*** Provided material Section Begins ***

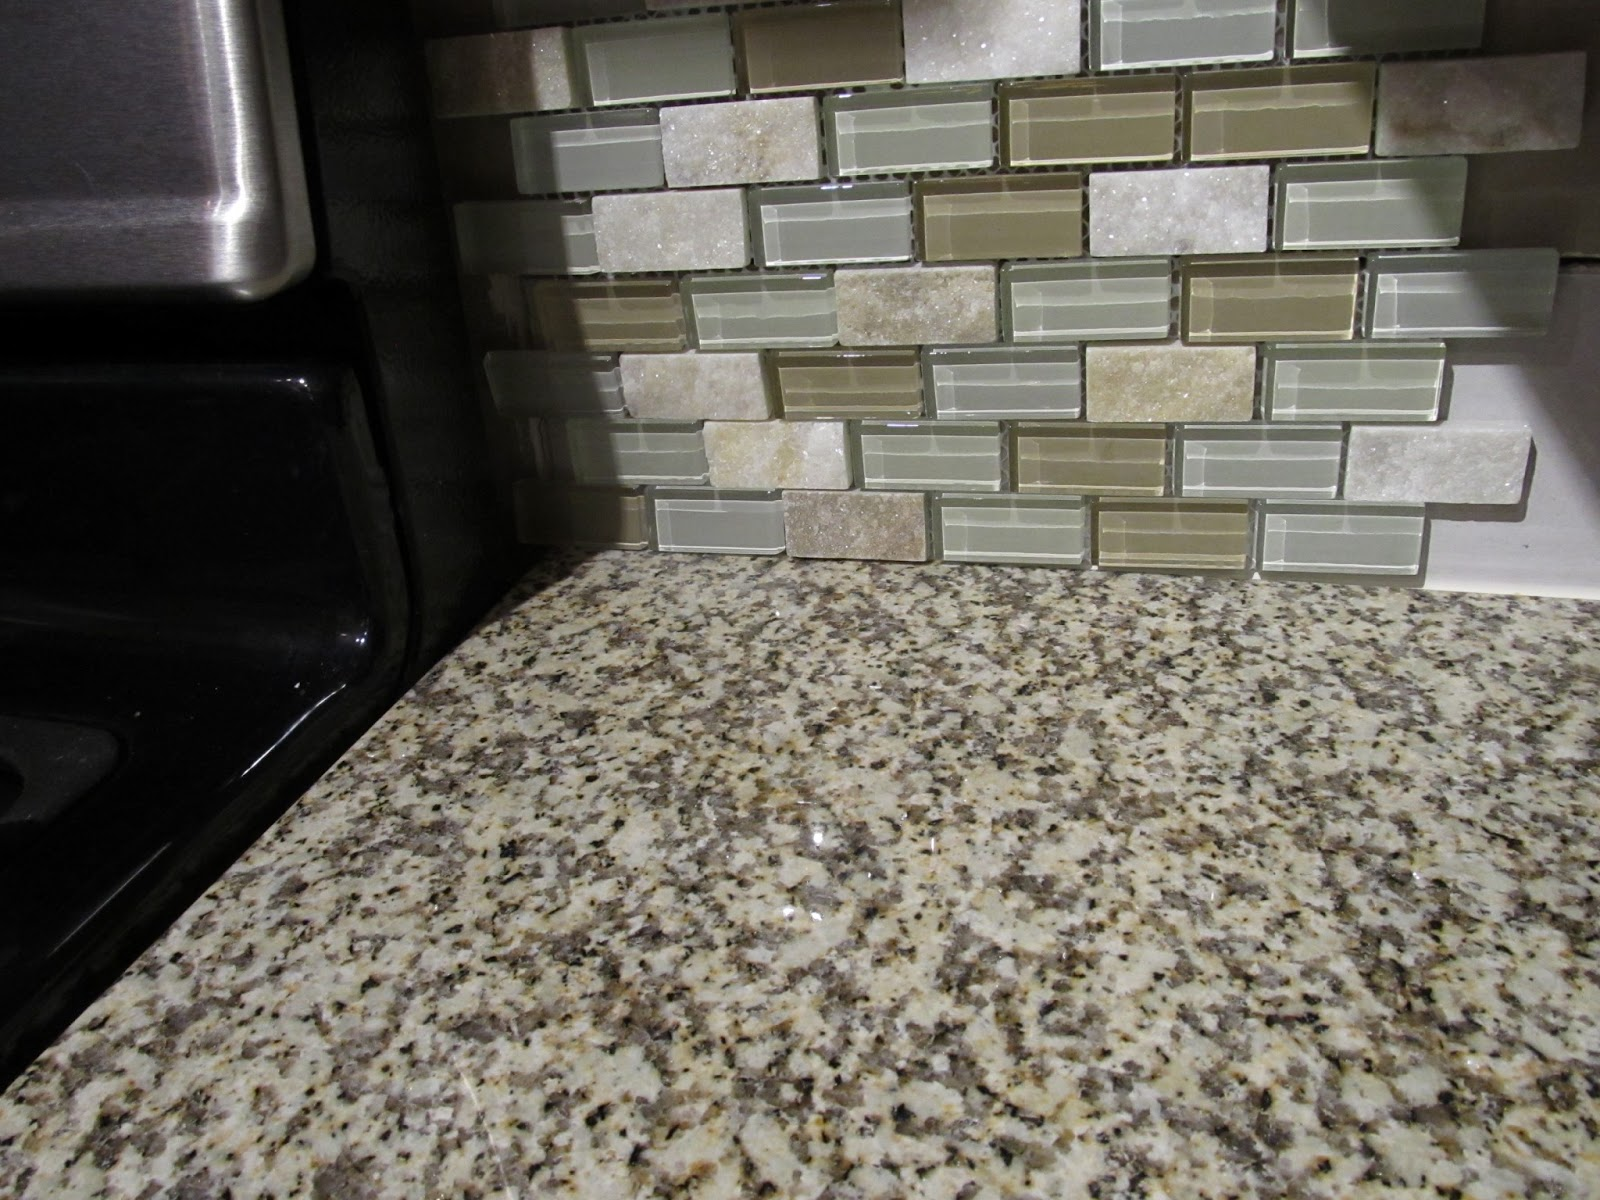 Buying Granite Countertops - Charlie The Cavalier
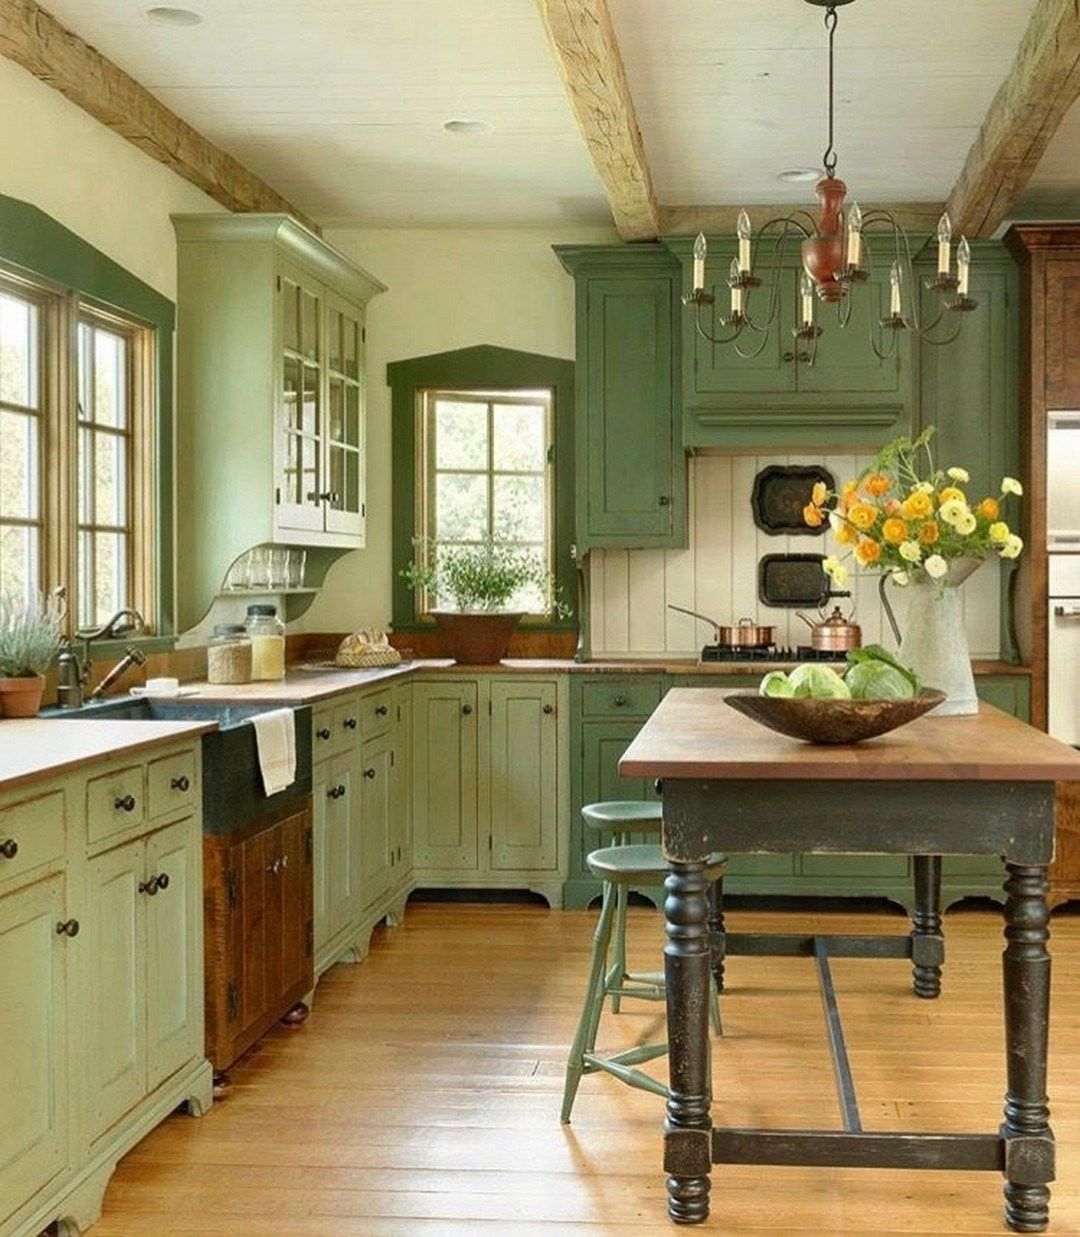 51 Green Kitchen Designs: 31 Popular Green Kitchen Cabinet Colors Ideas (11) In 2019
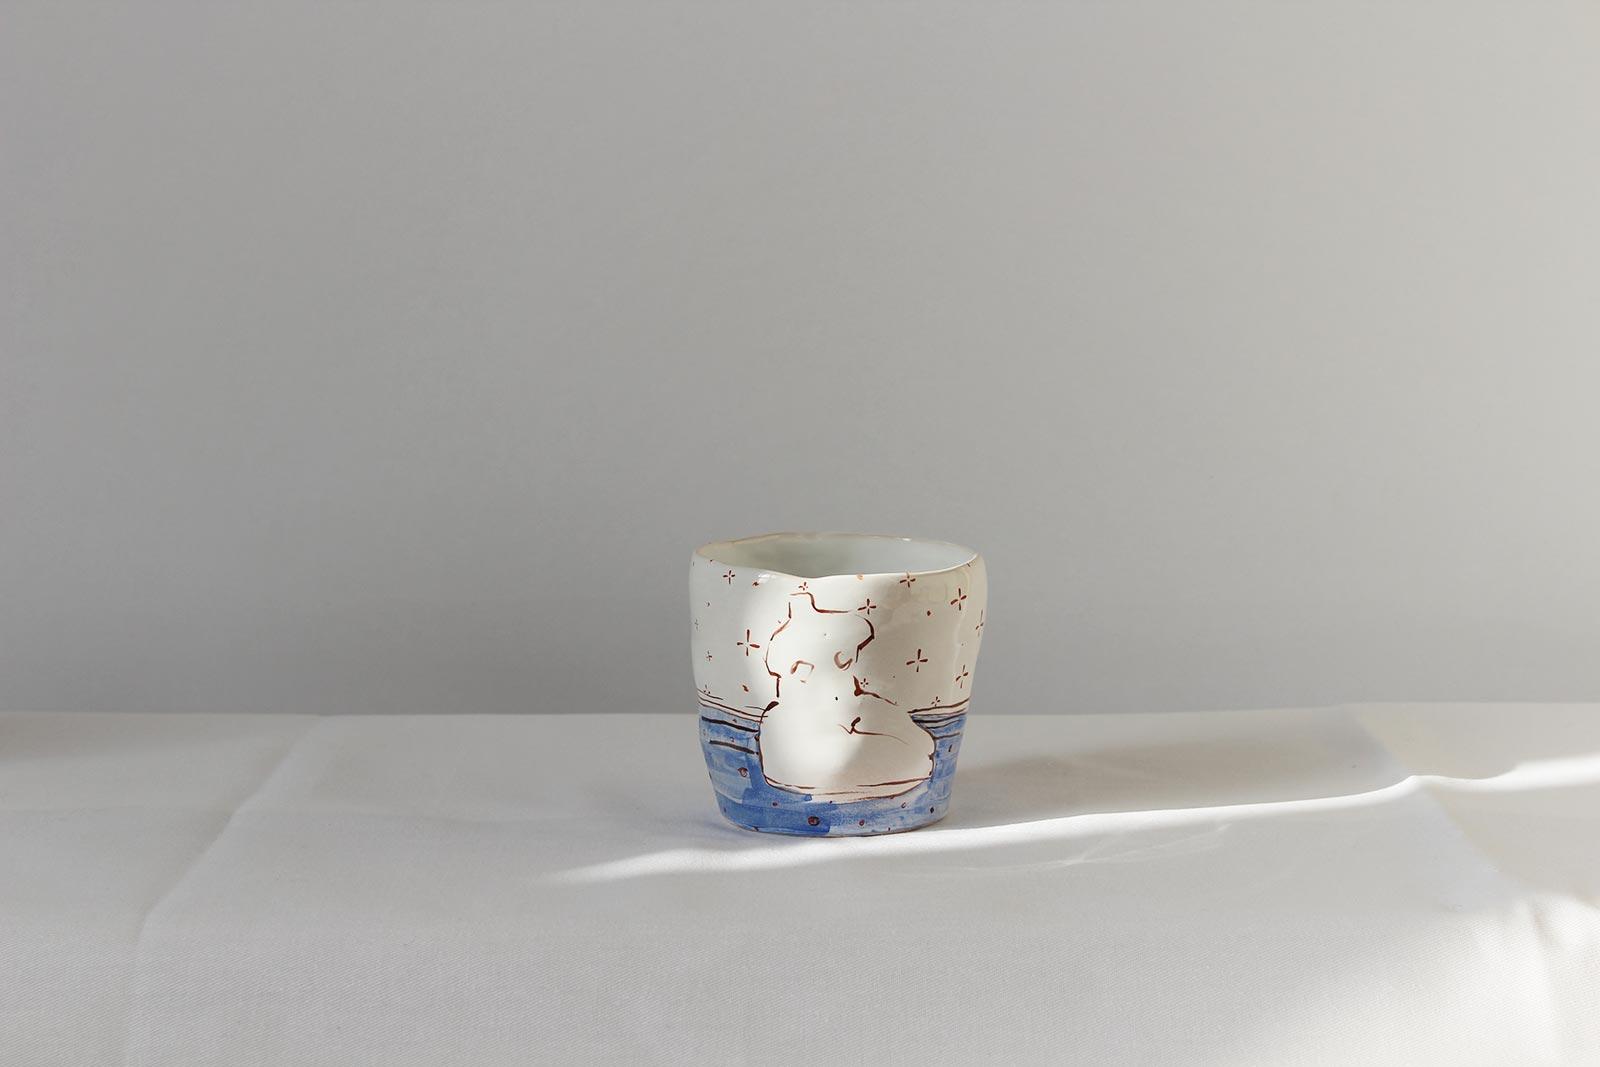 Side view - Decorative glass (Handmade)
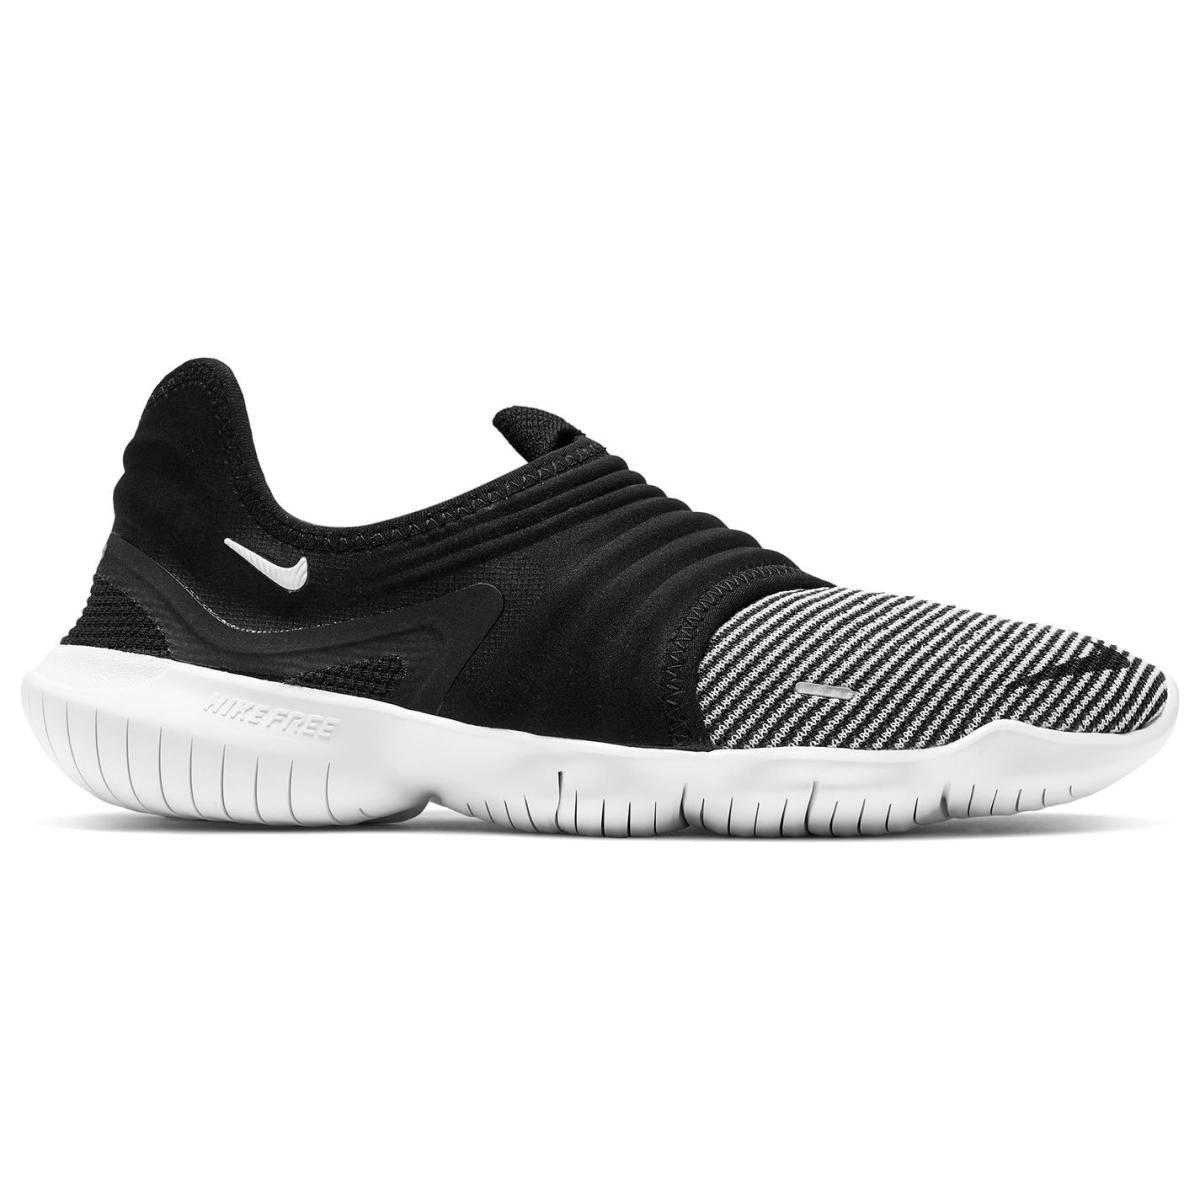 Nike-Free-Run-Flyknit-3-0-Turnschuhe-Damen-Sneaker-Sportschuhe-Laufschuhe-4450 Indexbild 3

*** Provided material Section Ends ***

The problem — Transcribe the listing above verbatim. No picture belongs in the result.

Reply —
 Buying Granite Countertops - Charlie The Cavalier
 51 Green Kitchen Designs: 31 Popular Green Kitchen Cabinet Colors Ideas (11) In 2019
 Side view - Decorative glass (Handmade)
 Nike-Free-Run-Flyknit-3-0-Turnschuhe-Damen-Sneaker-Sportschuhe-Laufschuhe-4450 Indexbild 3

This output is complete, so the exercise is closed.